## Record set
*** Begin section ***

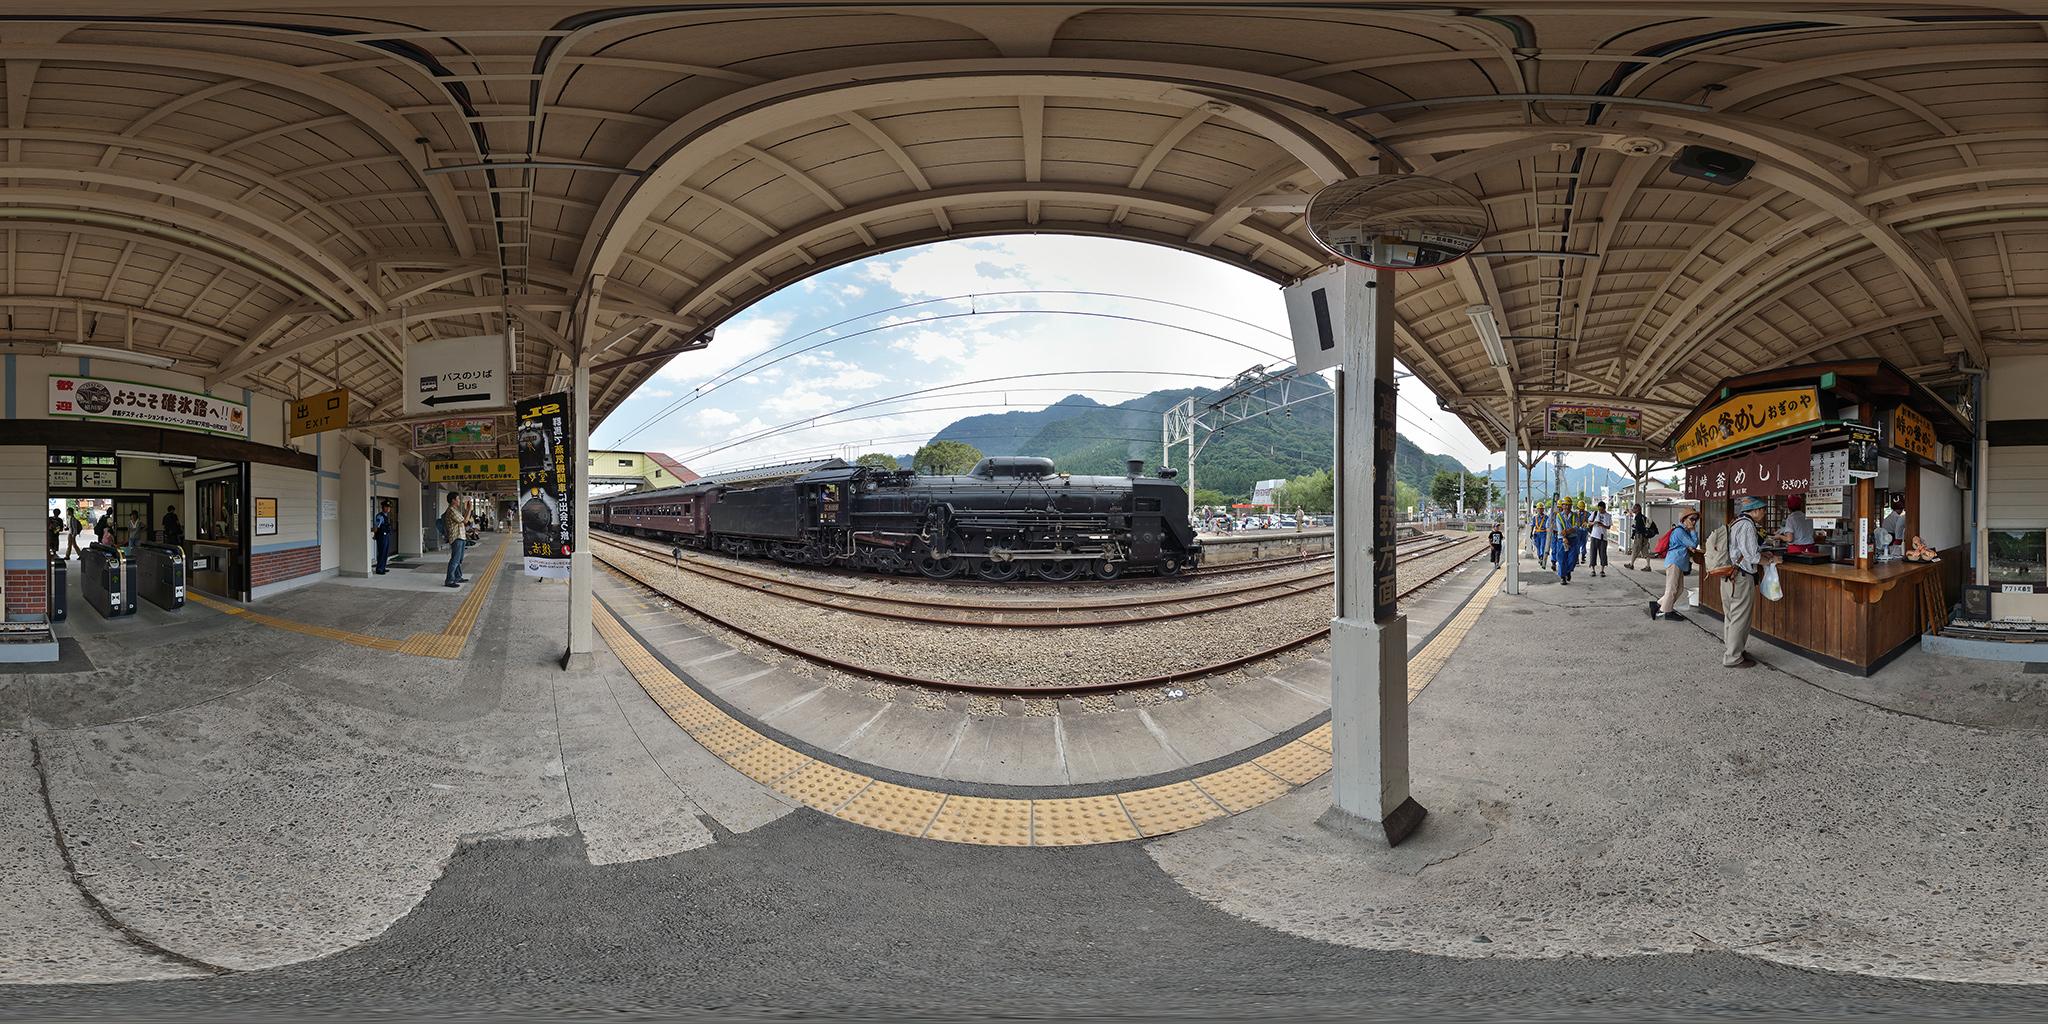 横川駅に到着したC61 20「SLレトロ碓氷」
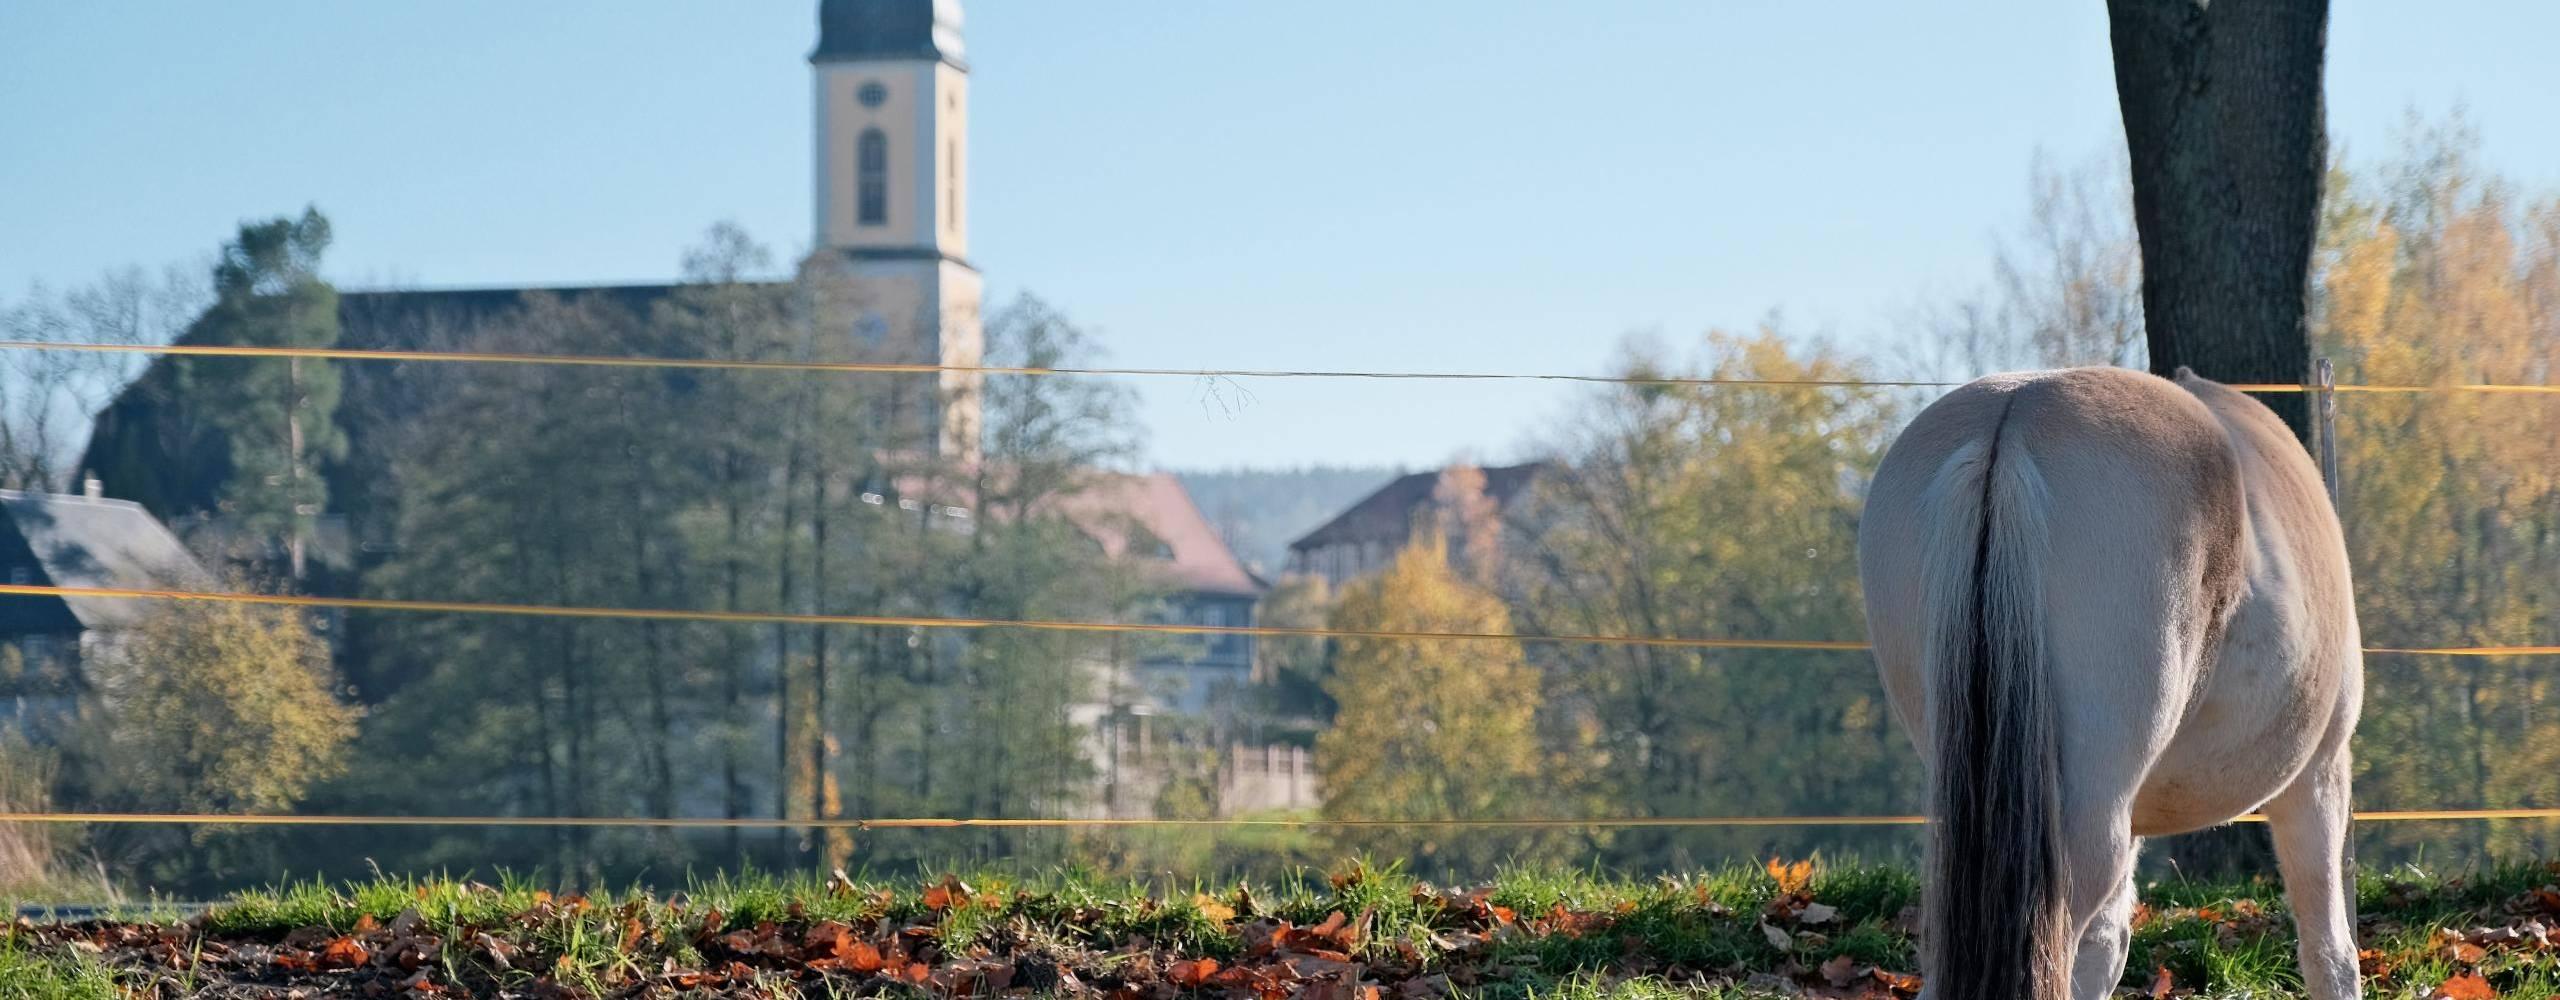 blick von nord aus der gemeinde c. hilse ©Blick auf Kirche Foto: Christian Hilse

*** End section ***
*** Begin section ***

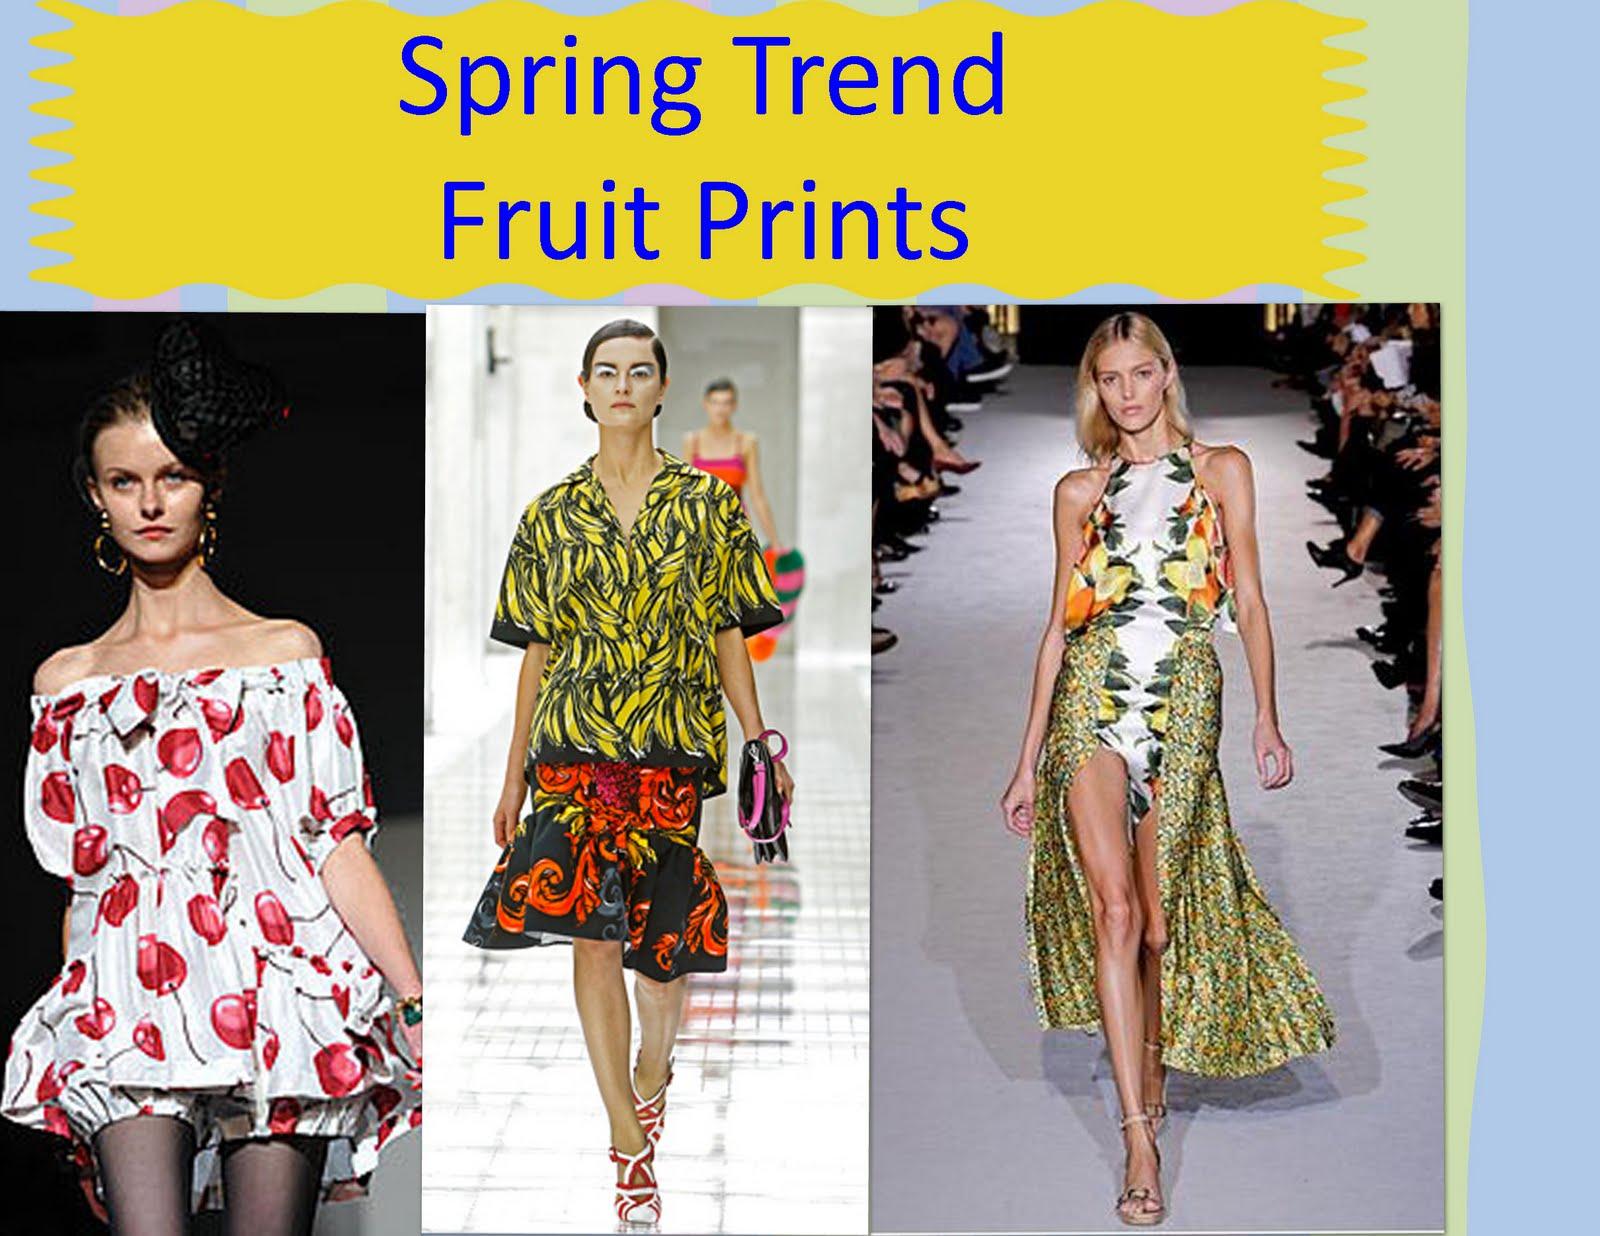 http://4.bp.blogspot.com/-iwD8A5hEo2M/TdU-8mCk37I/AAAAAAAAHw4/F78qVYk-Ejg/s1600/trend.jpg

*** End section ***

## What to do
In the material above, one part opens with the line containing "横川駅に到着したC61 20「SLレトロ碓氷」" and closes with the line containing "blick von nord". Write out that part exactly and skip its pictures.

## Worked solution
 横川駅に到着したC61 20「SLレトロ碓氷」
 blick von nord aus der gemeinde c. hilse ©Blick auf Kirche Foto: Christian Hilse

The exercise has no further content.